- New research finds that if humans carry on with business as usual and the environmental degradation that results, we will pay a steep price — quite literally.
- Researchers found that if we simply continue under the status quo, the global economy will lose at least $479 billion a year, adding up to nearly $10 trillion in losses by 2050, as compared to the “baseline” scenario in which there is no change in ecosystem services over the next 30 years.
- Of the 140 countries included in the study, the United States stands to take the biggest economic hit, losing $83 billion per year by 2050 under this “business as usual” scenario that includes intense consumption of energy and raw materials, widespread land-use change, ongoing rises in greenhouse gas emissions, and continued loss of biodiversity.
New research finds that if humans carry on with business as usual and the environmental degradation that results, we will pay a steep price — quite literally.
Researchers with WWF, Purdue University’s Global Trade Analysis Project, and the Natural Capital Project looked at how forests, wetlands, coral reefs, and other “natural assets” that furnish the ecosystem services we all rely on will be impacted by a variety of future development scenarios. They then examined the economic implications of those impacts over the next three decades.

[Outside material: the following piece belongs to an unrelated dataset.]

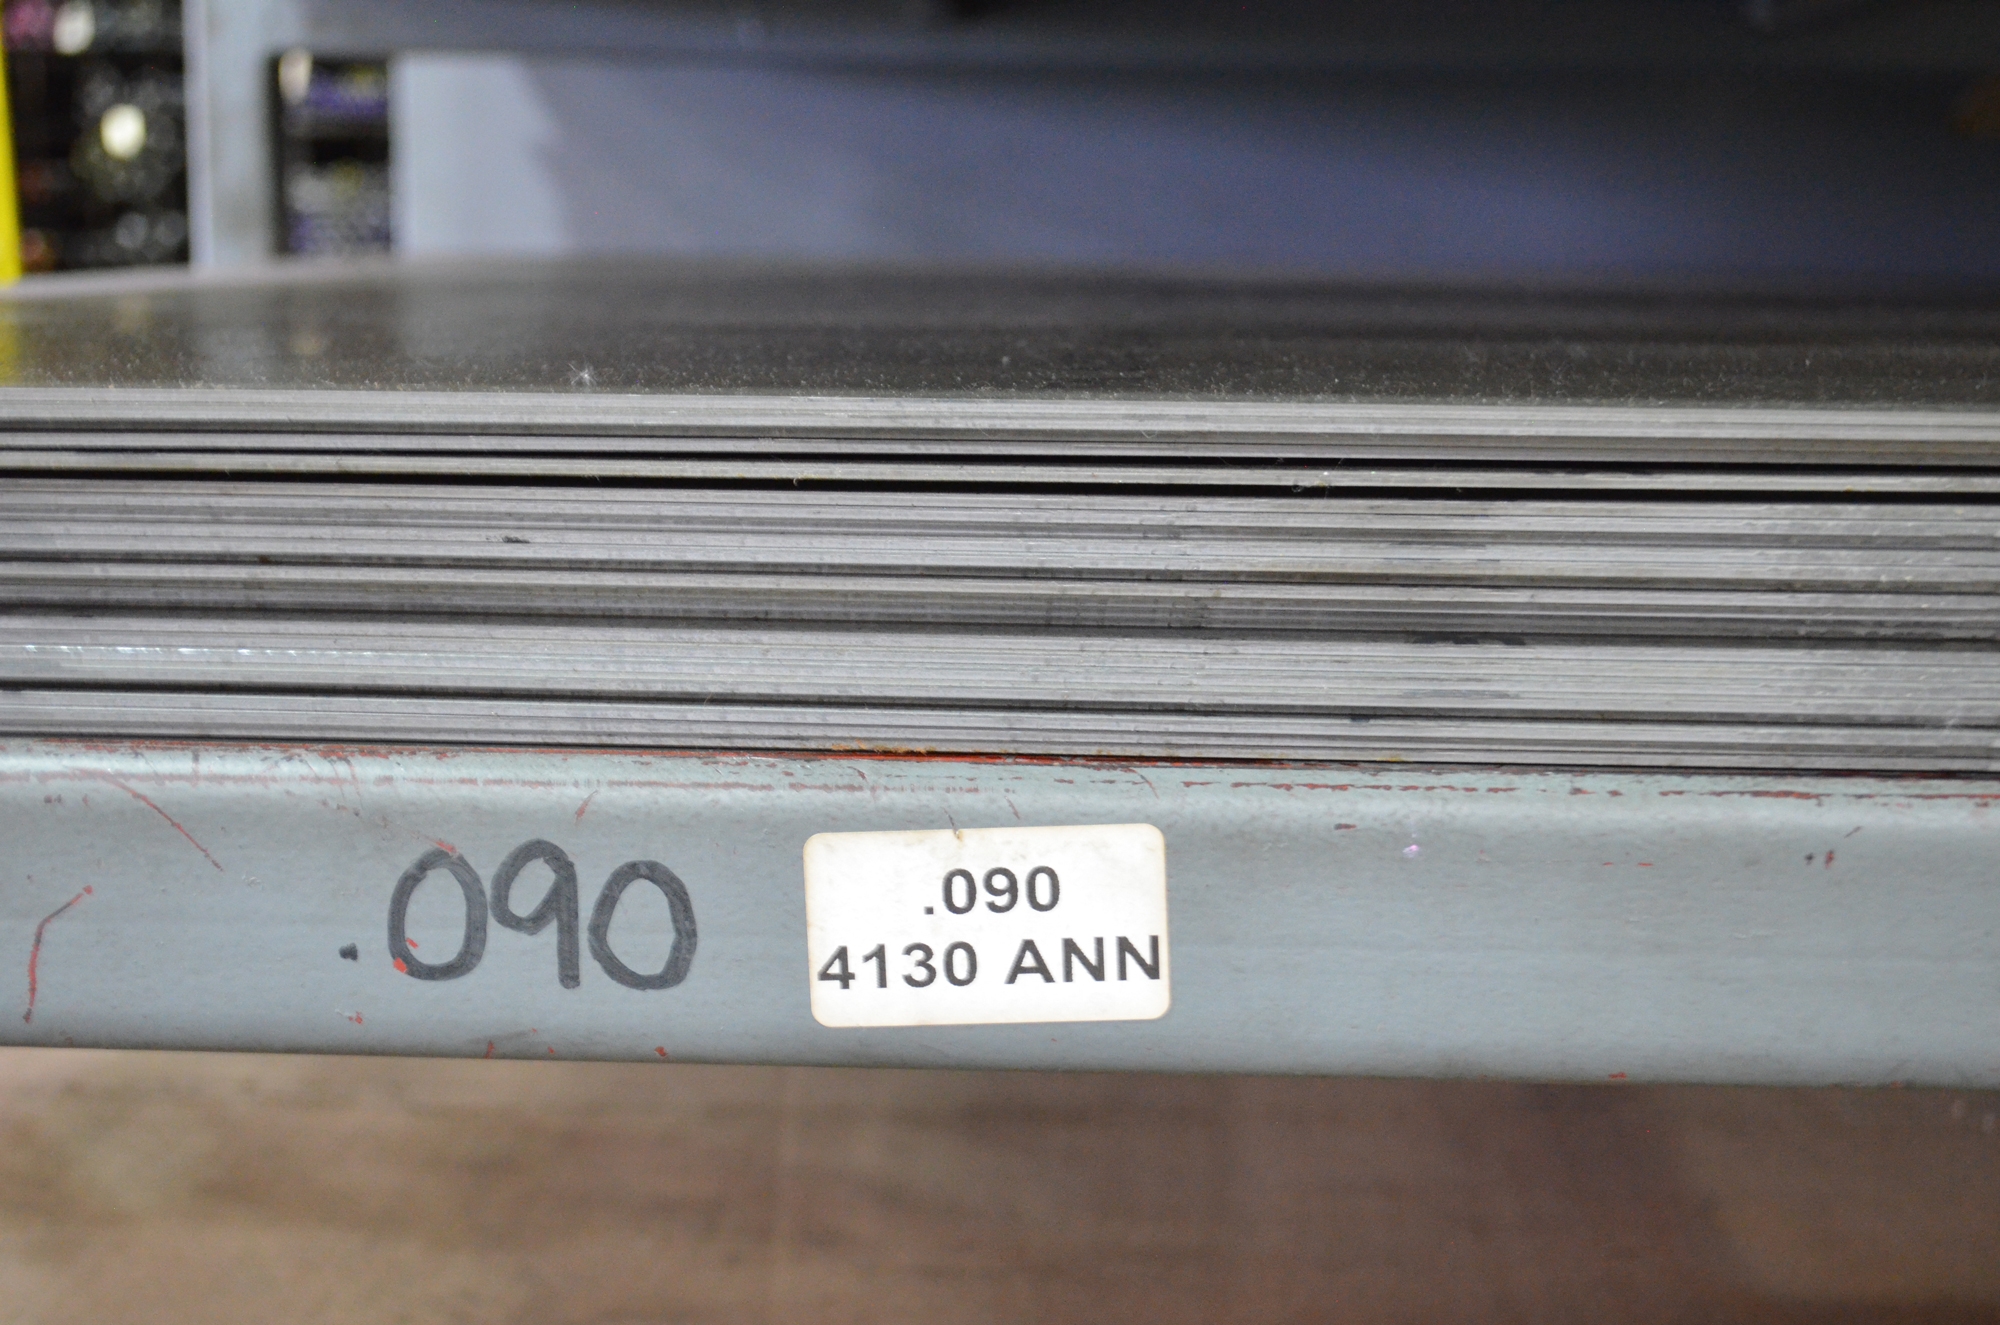 Alloy 4130 Annealed AMS-6350 Chromoly Steel Sheet Qty of 1 .120 x 12 x 36 
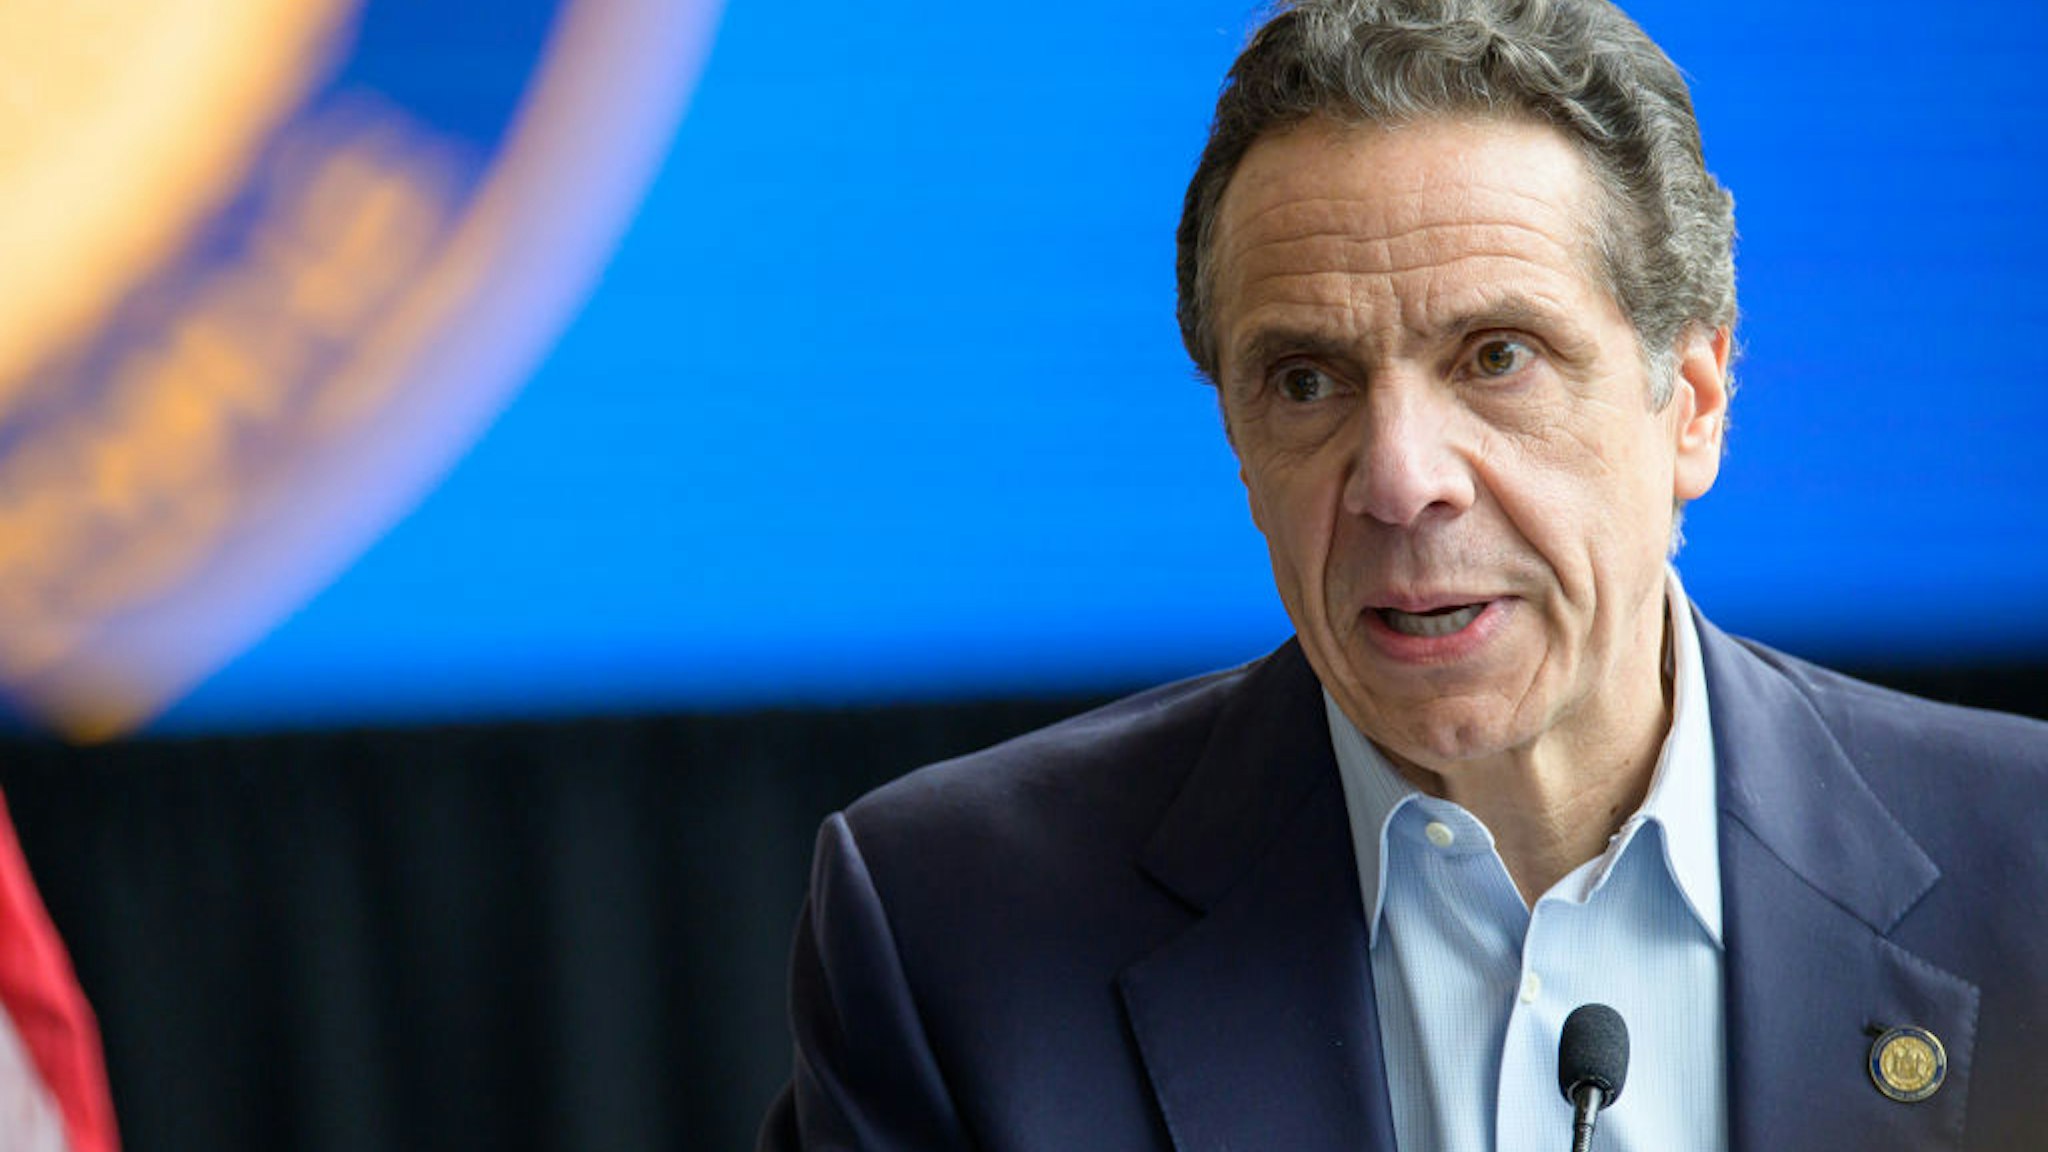 Following the arrival in New York City of the U.S. Naval hospital ship Comfort, NY State Governor Andrew Cuomo is seen during a press conference at the field hospital site at the Javits Center.

As detailed in a report summarizing their results, the researchers found that if we simply continue under the status quo, the global economy will lose at least $479 billion a year, adding up to nearly $10 trillion in losses by 2050, as compared to the “baseline” scenario in which there is no change in ecosystem services over the next 30 years.
Of the 140 countries included in the study, the United States stands to take the biggest economic hit, losing $83 billion per year by 2050 under this “business as usual” scenario that includes intense consumption of energy and raw materials, widespread land-use change, ongoing rises in greenhouse gas emissions, and continued loss of biodiversity. The economies of Japan and the UK will also see big losses of $80 billion and $21 billion, respectively, every year.
“This groundbreaking report shows that the U.S. will suffer the world’s biggest economic impact due to nature loss,” Rebecca Shaw, chief scientist at WWF, said in a statement. “We cannot envision a just and stable country, and a prosperous economy, if forests disappear, pollinators vanish, biodiversity collapses and rivers and the ocean are depleted. Continuing with business as usual could lead to disastrous outcomes. We need governments and corporations to halt nature loss and tackle this planetary emergency.”
According to the report, if we continue with business as usual, reductions in the supply of just six ecosystem services — crop pollination, protection of coasts from flooding and erosion, provision of clean water, timber production, marine fisheries, and carbon storage — would cause an annual drop in the global GDP of 0.67% by 2050.
Included in the annual global losses by 2050 would be $327 billion from flooding, storm surges, and erosion due to sea-level rise and changes in vegetation along coastlines; $128 billion from the loss of carbon storage; $19 billion from reduced water availability for agriculture; $15 billion from the loss of habitat for bees and other pollinator insects; and $7.5 billion from lost forests and the ecosystem services they provide.
By contrast, under a “Global Conservation” scenario marked by sustainable development and protections for areas important for biodiversity and ecosystem services, the researchers found that global GDP would increase by 0.02% per year, or some $11 billion, by 2050 — an annual net gain of $490 billion every year over the business as usual scenario.
The world’s agricultural sector will be particularly impacted if we don’t choose the Global Conservation scenario, leading to higher prices for commodities: timber prices would go up by 8%, cotton by 6%, oil seeds by 4%, and fruit and vegetables by 3%.
“Poorer countries would bear most of the costs, compounding the risks faced by millions in already vulnerable economies,” the report states. “Eastern and western Africa, central Asia and parts of South America would be hit particularly hard as a result of the changes in price, trade and production levels (with annual GDP losses of up to 4%). Countries like the USA, Japan, Australia and the UK would also see large losses due to loss of coastal infrastructure and agricultural land through flooding and erosion.”
The researchers note in the report that these figures should be considered conservative estimates of the economic impacts from the destruction of nature, since they only looked at the six ecosystem services for which there is enough evidence to quantify the impacts and could not account for the effects of ecosystems reaching tipping points beyond which they change much more rapidly and irreversibly, such as when tropical forests become so degraded that they shift to more fire- and drought-prone savanna habitats.
Additionally, the economic and environmental models used by the researchers to arrive at their estimates only factor in changes to specific natural assets and the ecosystem services they provide, not broader changes that the planet is undergoing, like global climate change and water scarcity.
“The science and economics are clear,” Thomas Hertel, executive director of the Global Trade and Analysis Project, said in a statement. “We can no longer ignore the strong economic case for restoring nature. Inaction will cost us far more than actions aimed at protecting nature’s contributions to the economy. To ensure positive global futures, we need to achieve more sustainable patterns of production and land use, and reform economic and financial systems to incentivize nature-based decision making.”